▶ [Data block]:
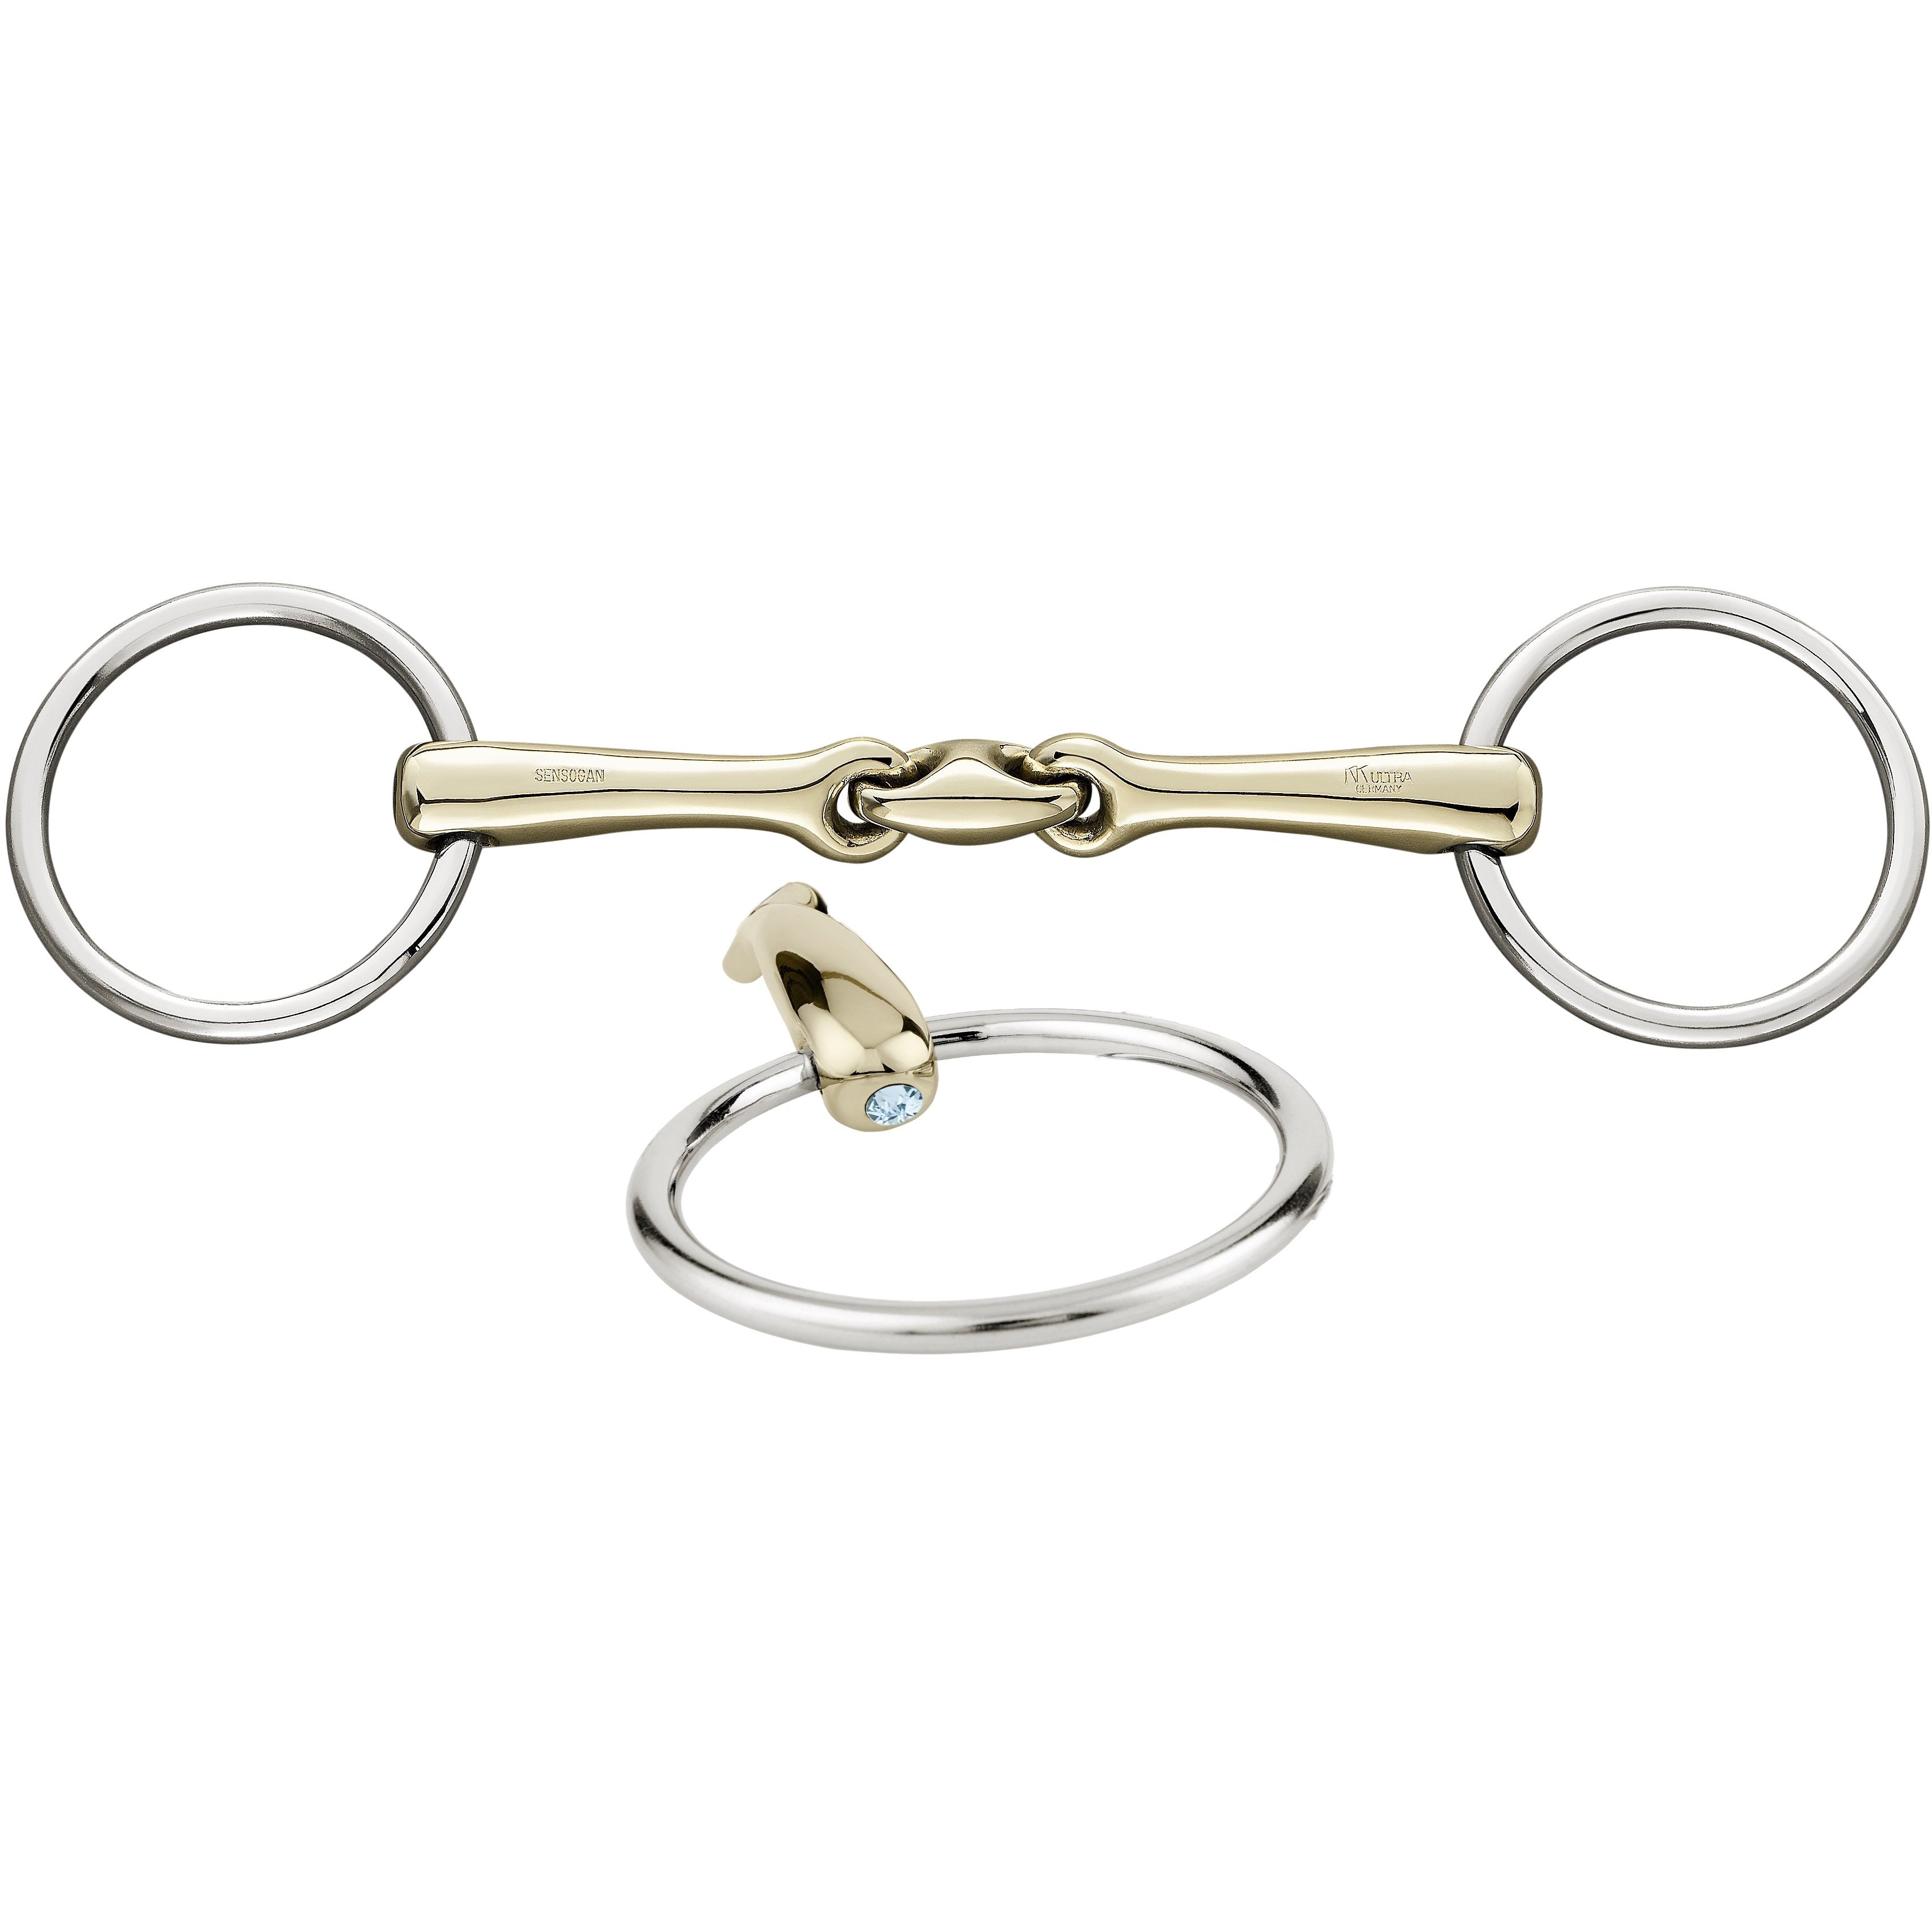 Sprenger 40426 Dynamic RS Loose ring Snaffle 16mm - Shine Bright Edition - IN STOCK
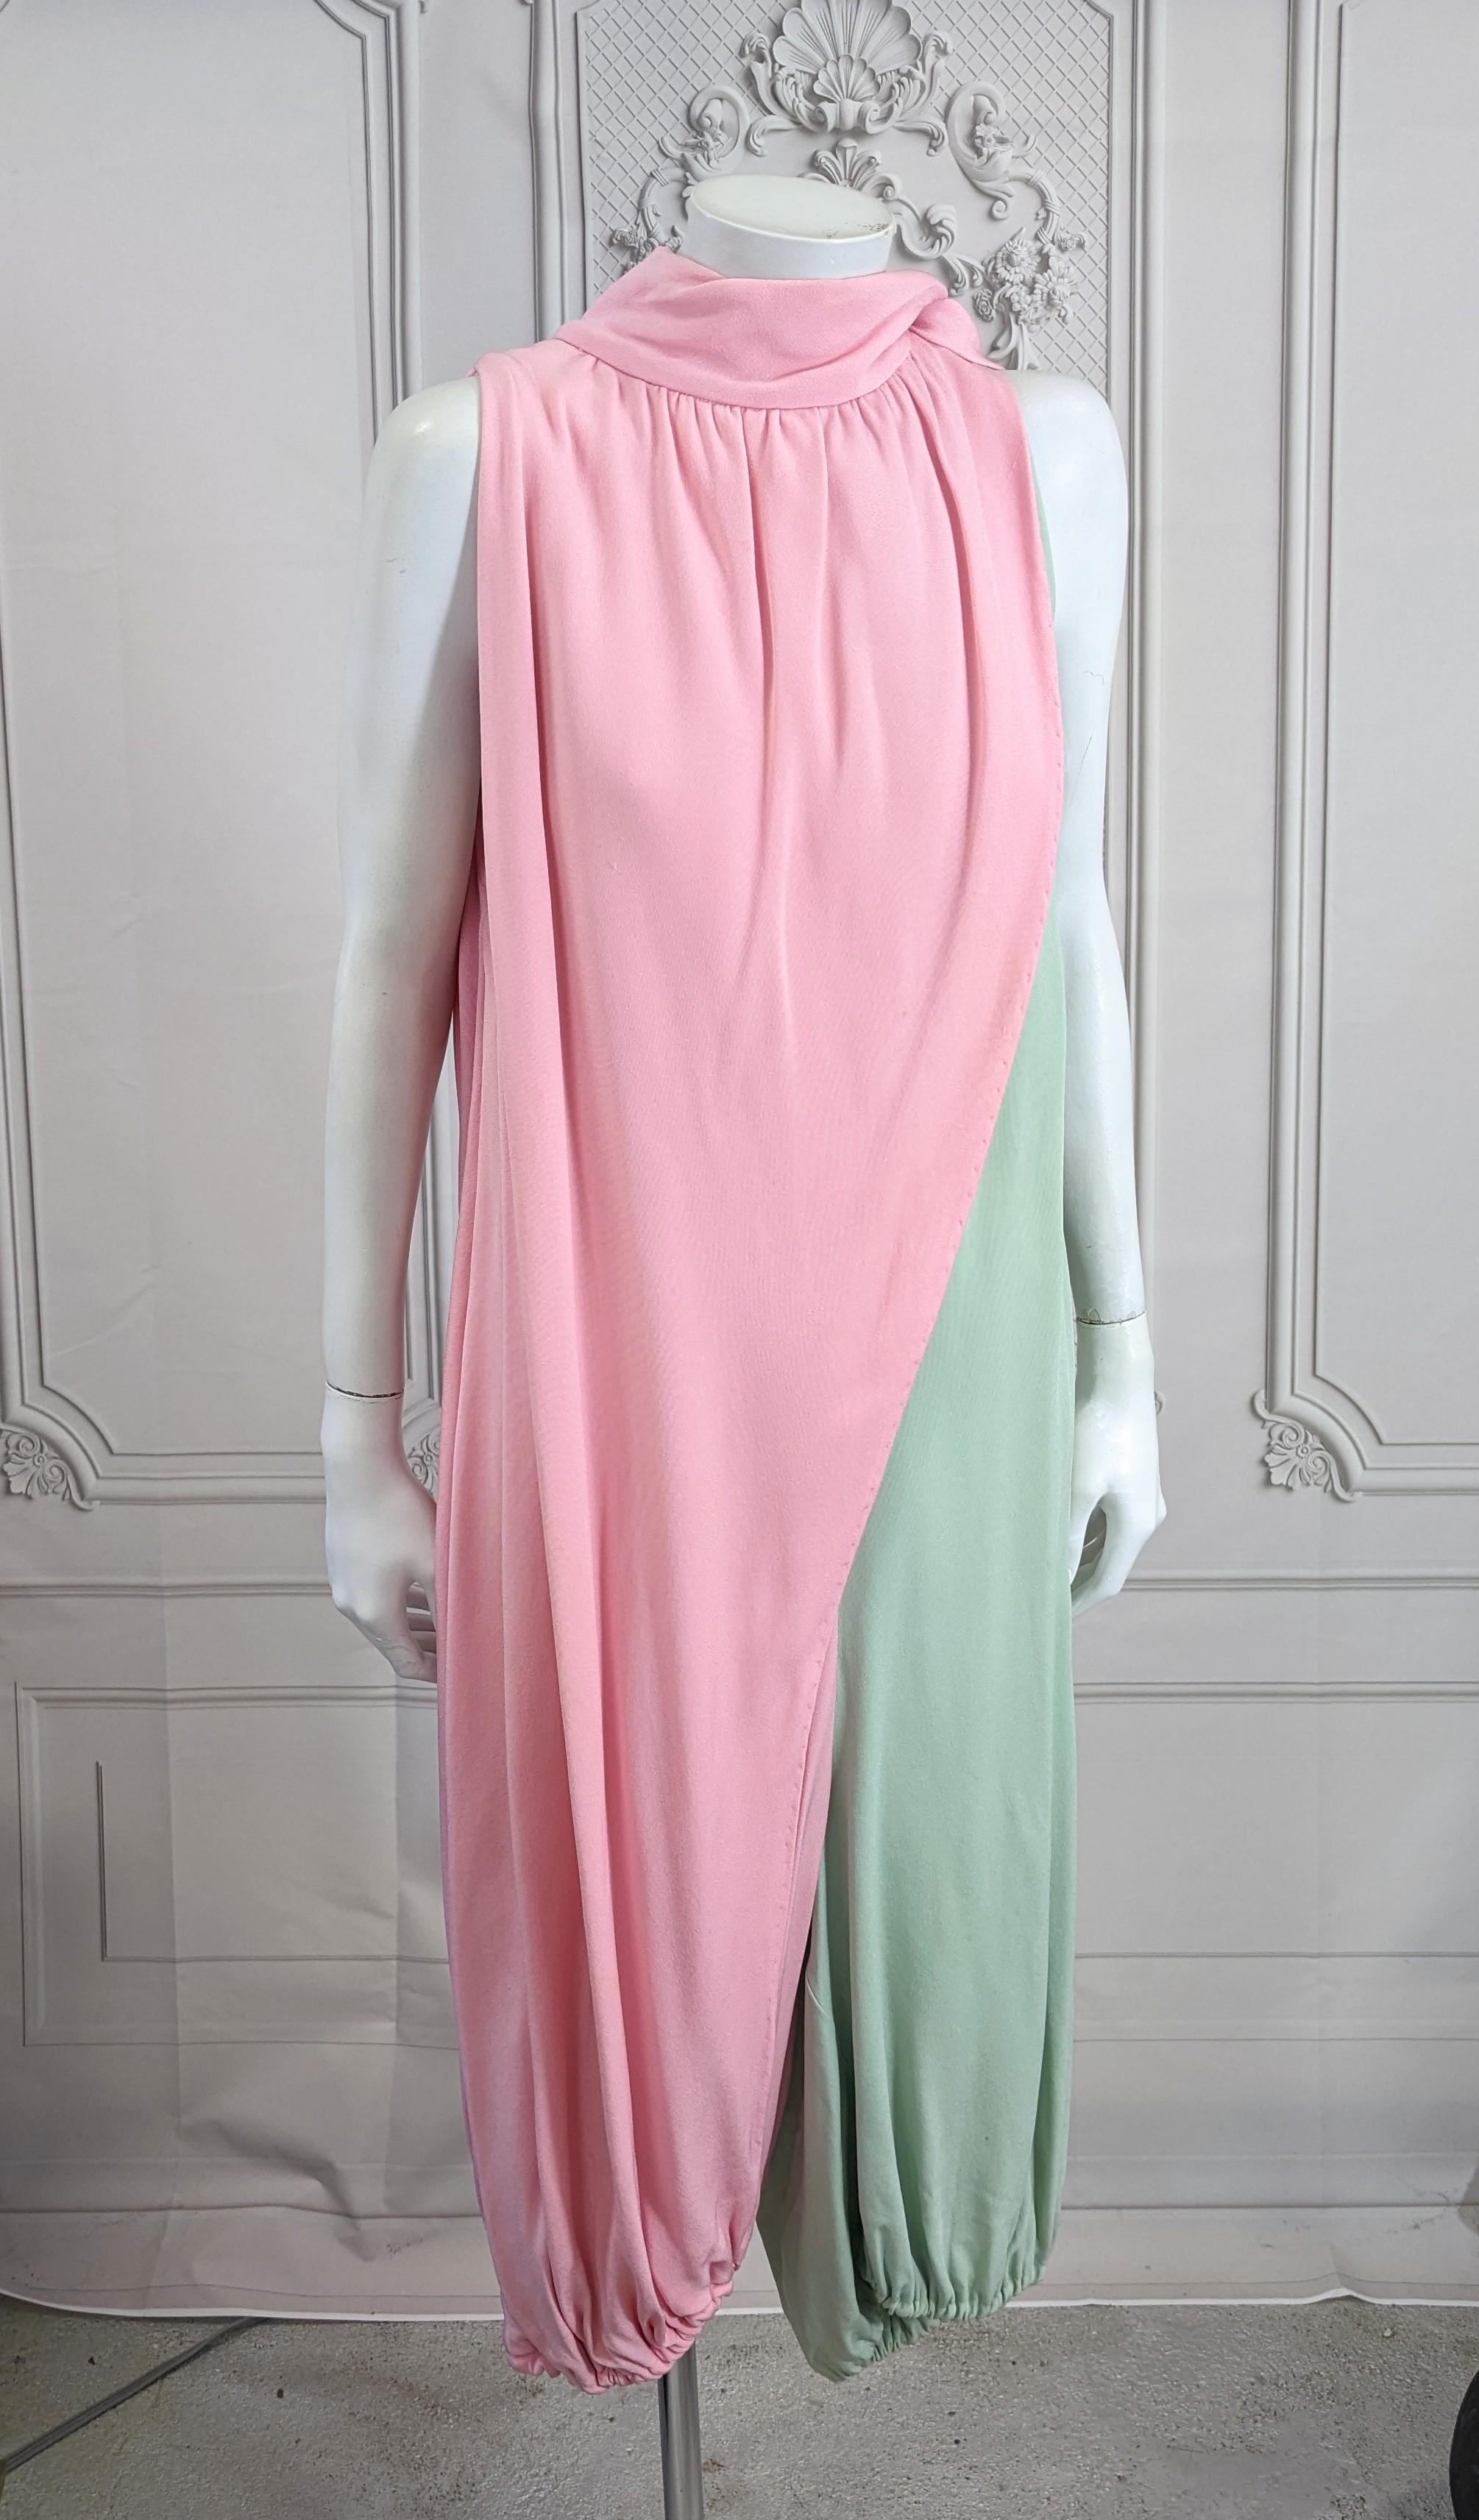 Unusual Bill Blass Bicolor Crepe Balloon Jumpsuit from the 1960's designed for Maurice Rentner. 
Heavy silk blend crepe in sherbert pink and mint which wraps and ties at shoulder with a scarf neckline. Pink and green sections are bisected down front

▶ [Action item]:
Put each line of the listing above into the copy exactly, dropping the pictures.

▶ [Task result]:
 Sprenger 40426 Dynamic RS Loose ring Snaffle 16mm - Shine Bright Edition - IN STOCK
 Unusual Bill Blass Bicolor Crepe Balloon Jumpsuit from the 1960's designed for Maurice Rentner. 
Heavy silk blend crepe in sherbert pink and mint which wraps and ties at shoulder with a scarf neckline. Pink and green sections are bisected down front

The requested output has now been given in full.